From the opening paragraph of the preface, Selwyn notes that he is “deliberately distrustful of the ongoing digitization of education provision and practice” and, in the next, notes the “gulf that persists between the rhetoric of how digital technologies could be used in education and the realities of how digital technologies are actually used in education” (emphasis in original, Selwyn, 20131126, VitalBook file). Thus, from the get-go, Selwyn establishes his critical stance and deep concern about the ways in which our field typically describes and celebrates educational technology, inviting us to consider whether our expectations align with our reality. These are the kinds of questions that I appreciate most as a reader and scholar, so he had me hooked in these opening lines.
Before the end of the preface, he also describes the use of educational technologies as “a profoundly political affair — a site of constant conflict and struggle between different interests groups.” As someone deeply involved with and concerned about teacher education and professional development, these politics are ones that I find don’t get discussed enough. Though I am a strong advocate for resources that are inexpensive or, using the scare quotes intentionally, “free,” even before I got to Selwyn’s chapter on open source materials I began to think again about how I describe and use technologies in workshops and courses. Yes, I know that I have referred to some of them as “free,” and — if we’ve learned anything from the Facebook situation in the past two years — we know that nothing is ever without cost. Making these political aspects of ed tech use even more a part of my on-going dialogue with teachers and the doctoral students with whom I work is a distinct goal for reading Selwyn’s work.

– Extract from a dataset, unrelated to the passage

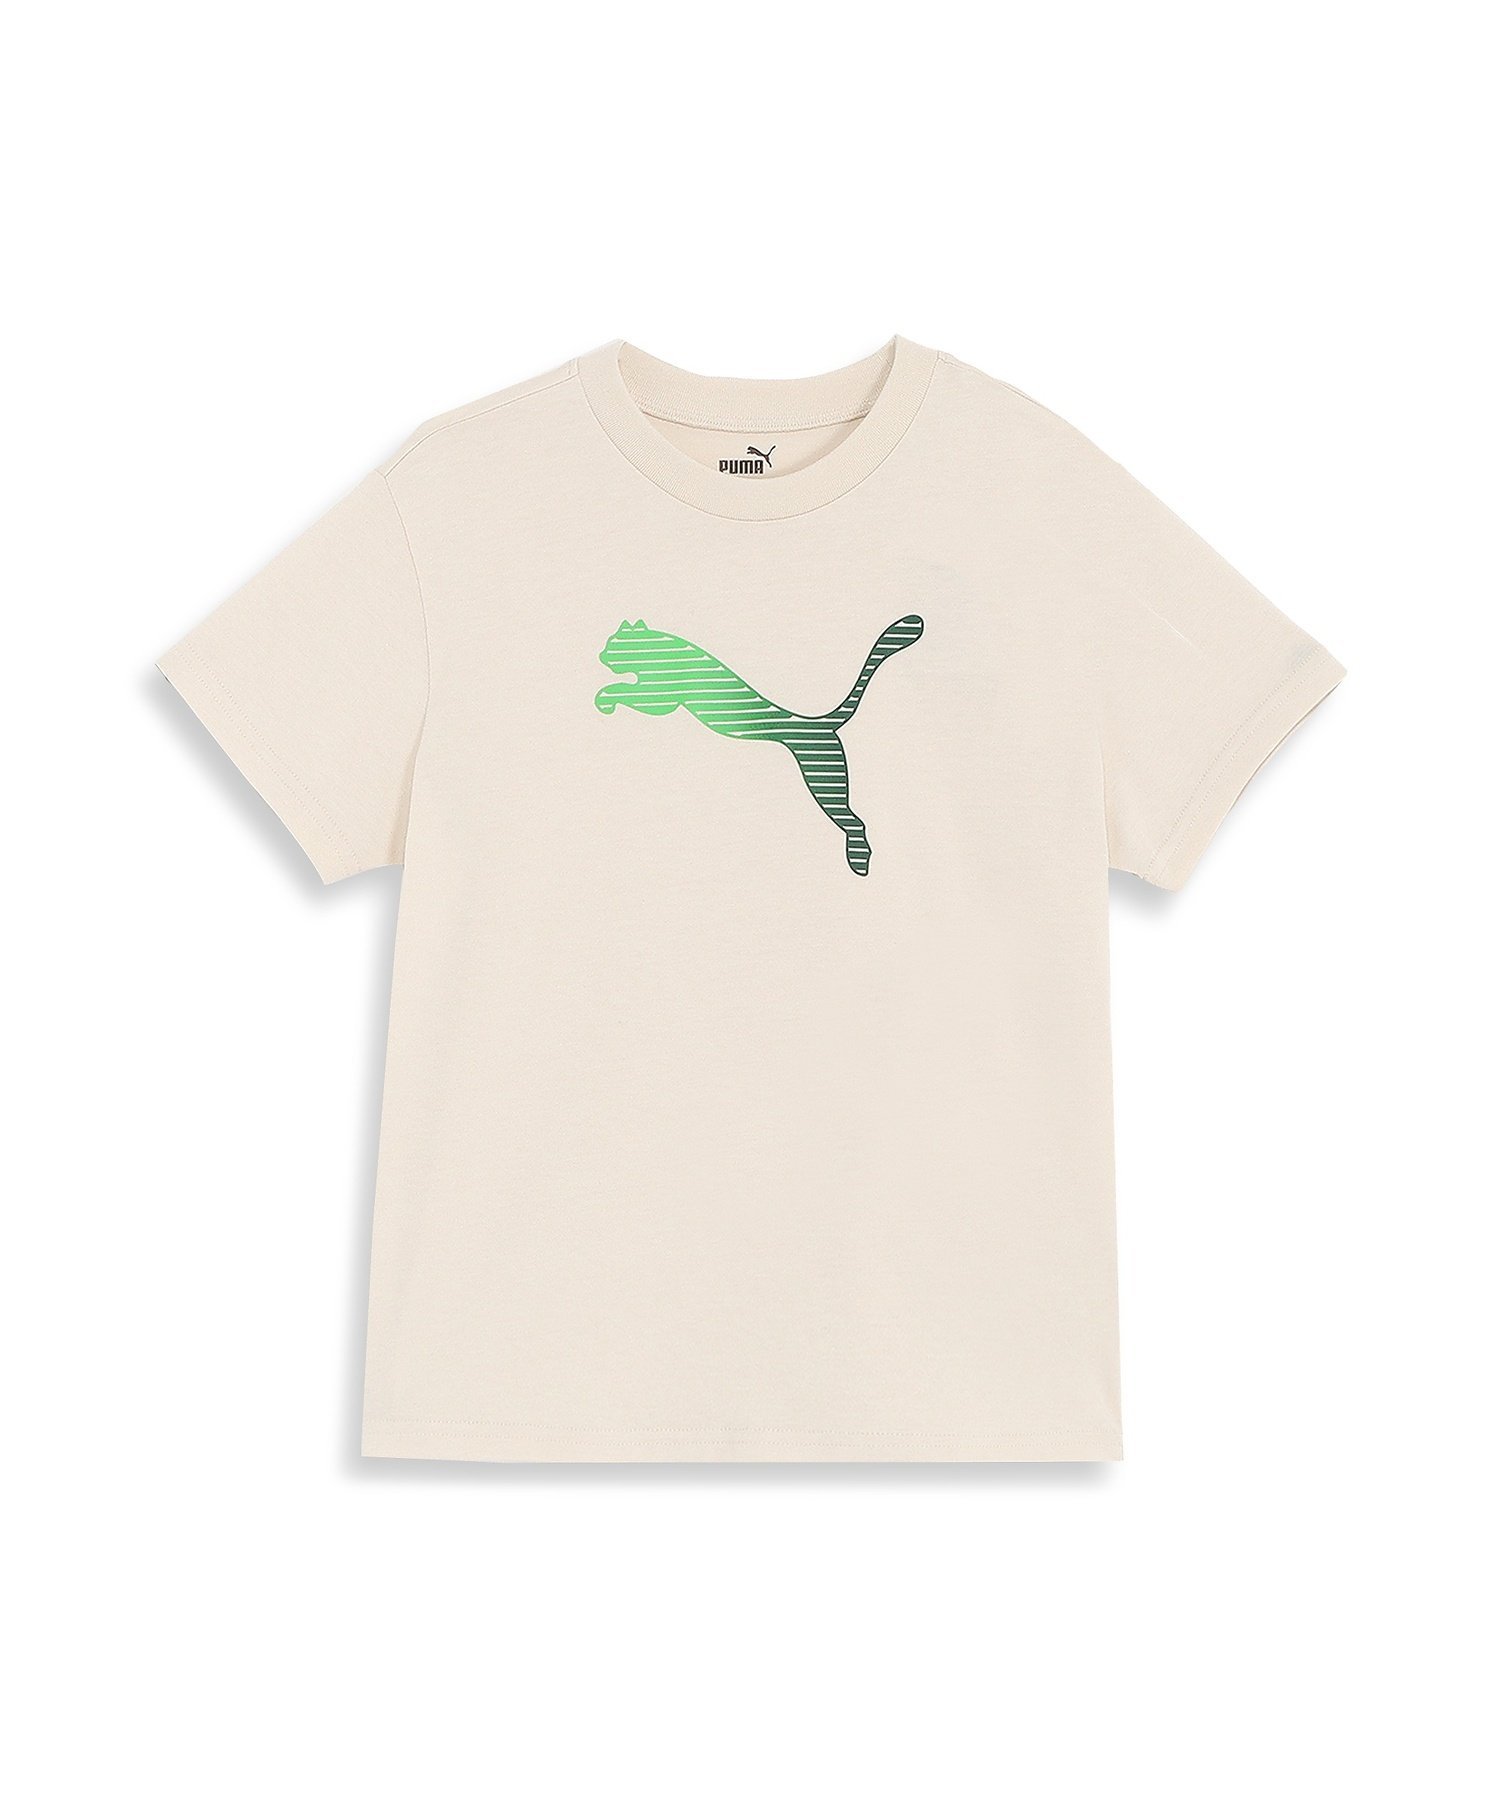 楽天Rakuten FashionPUMA キッズ ボーイズ ESSプラス MX NO1 ロゴ リラックス 半袖 Tシャツ 120-160cm プーマ トップス カットソー・Tシャツ

As a final note from the Preface, I was compelled by Selwyn’s idea that “educational technology is not value-free but value-laden, and therefore something that can be trusted and distrusted, agreed and disagreed with. Second is the belief that the nature and form of educational technology are not predetermined and inevitable but negotiable” (emphasis in original, Selwyn, 20131126, VitalBook file). The sad fact is that many educational technologies that exist are set out to solve specific problems (learning facts) with a pedagogical frame (usually a behaviorist or cognitivist one). While this is good to take the perspective that ed tech is mutable, I’m not so sure that this is the case with all ed tech. Yes, we could have teachers and students repurpose skill-and-drill software in creative ways, but that is different than starting with a tool designed specifically for creation rather than consumption.
All the same, Selwyn’s preface had already given me enough to chew on when I first encountered it that I knew this would be the new text for EDU 807. With class starting tomorrow, and our attention on Selwyn’s work coming in a few weeks, I will be writing more about the remaining chapters in the book over the next few days.
And, as one side note, I am finding it difficult to cite, specifically, where I found the information in the book. While I know that Kindle gives locations, the VitalBook file that I am reading does not. So, my apologies for not providing more direct citation info.